(What to produce)
Return the listing below verbatim. Pictures do not belong in the copy.

(Information supplied)
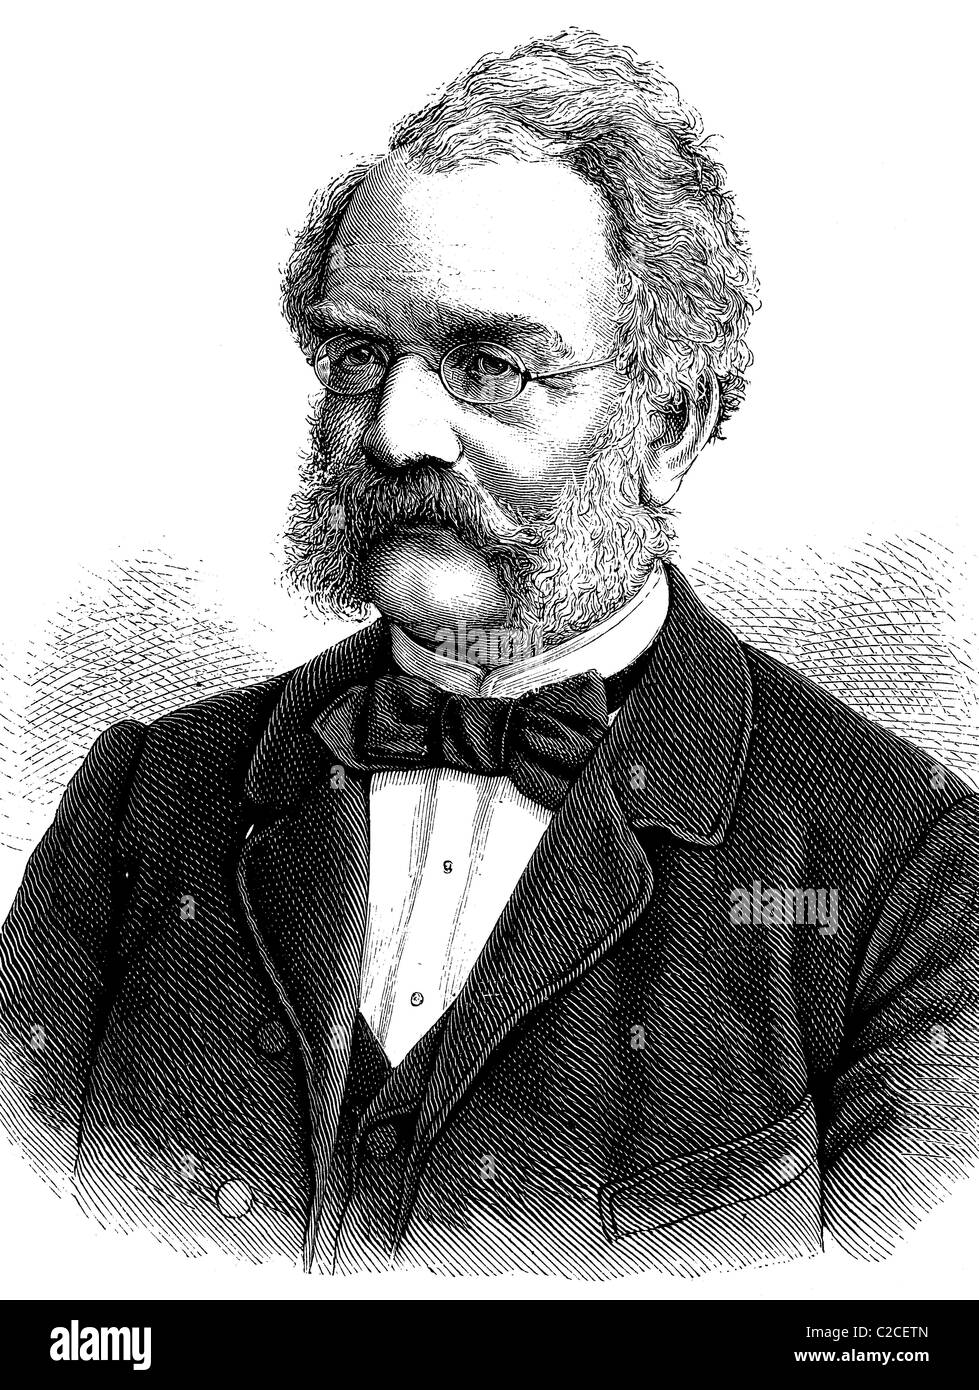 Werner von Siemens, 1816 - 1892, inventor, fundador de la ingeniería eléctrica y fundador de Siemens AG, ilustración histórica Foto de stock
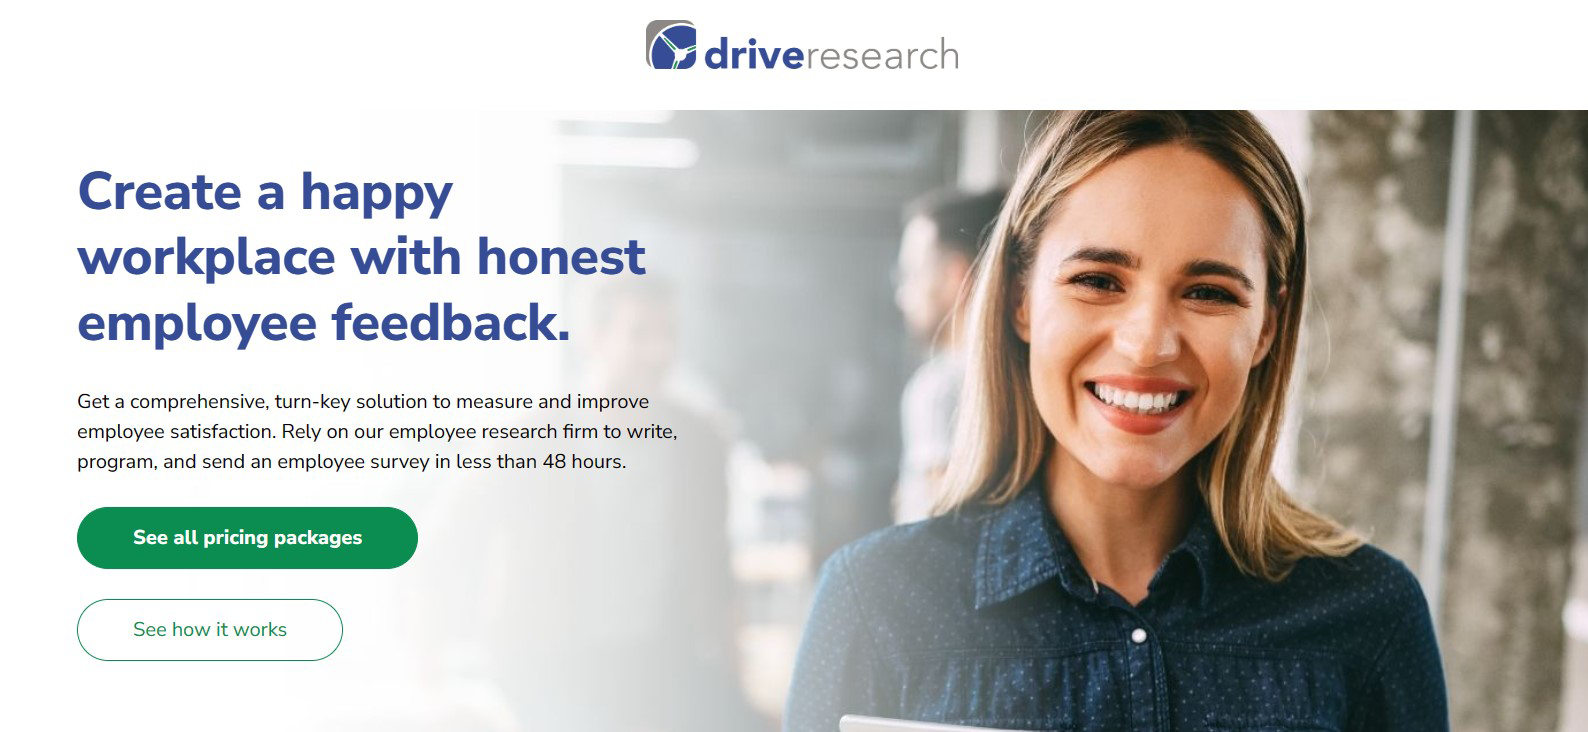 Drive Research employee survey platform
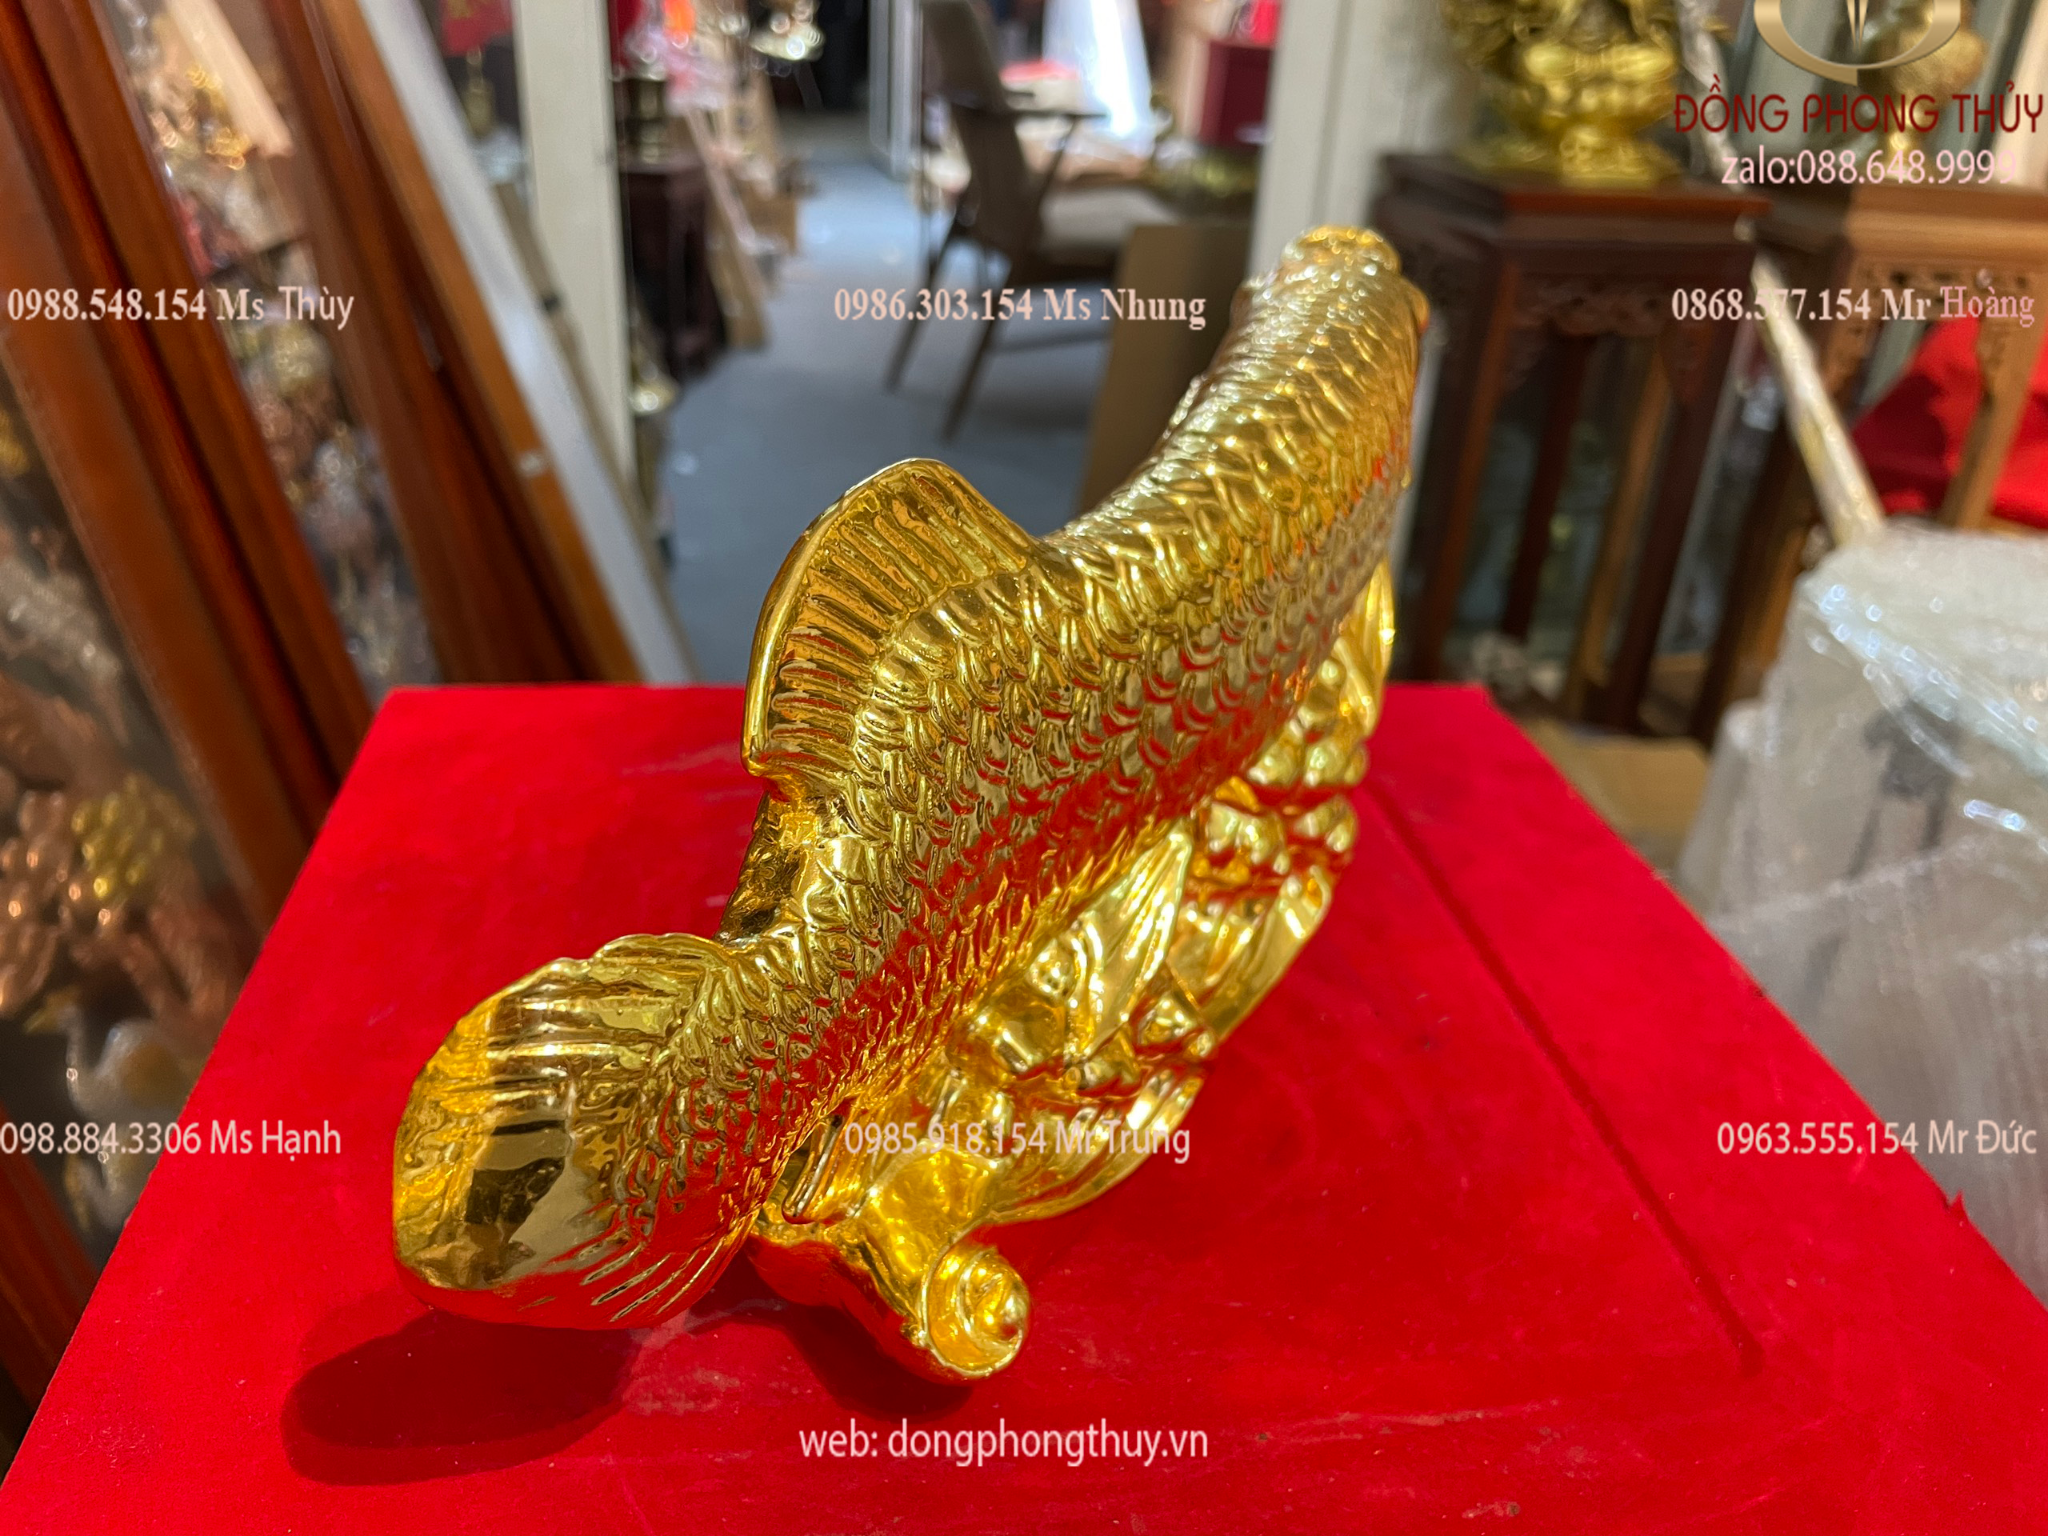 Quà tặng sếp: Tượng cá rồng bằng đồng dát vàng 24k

(Task response)
 Werner von Siemens, 1816 - 1892, inventor, fundador de la ingeniería eléctrica y fundador de Siemens AG, ilustración histórica Foto de stock
 Drive Research employee survey platform
 Quà tặng sếp: Tượng cá rồng bằng đồng dát vàng 24k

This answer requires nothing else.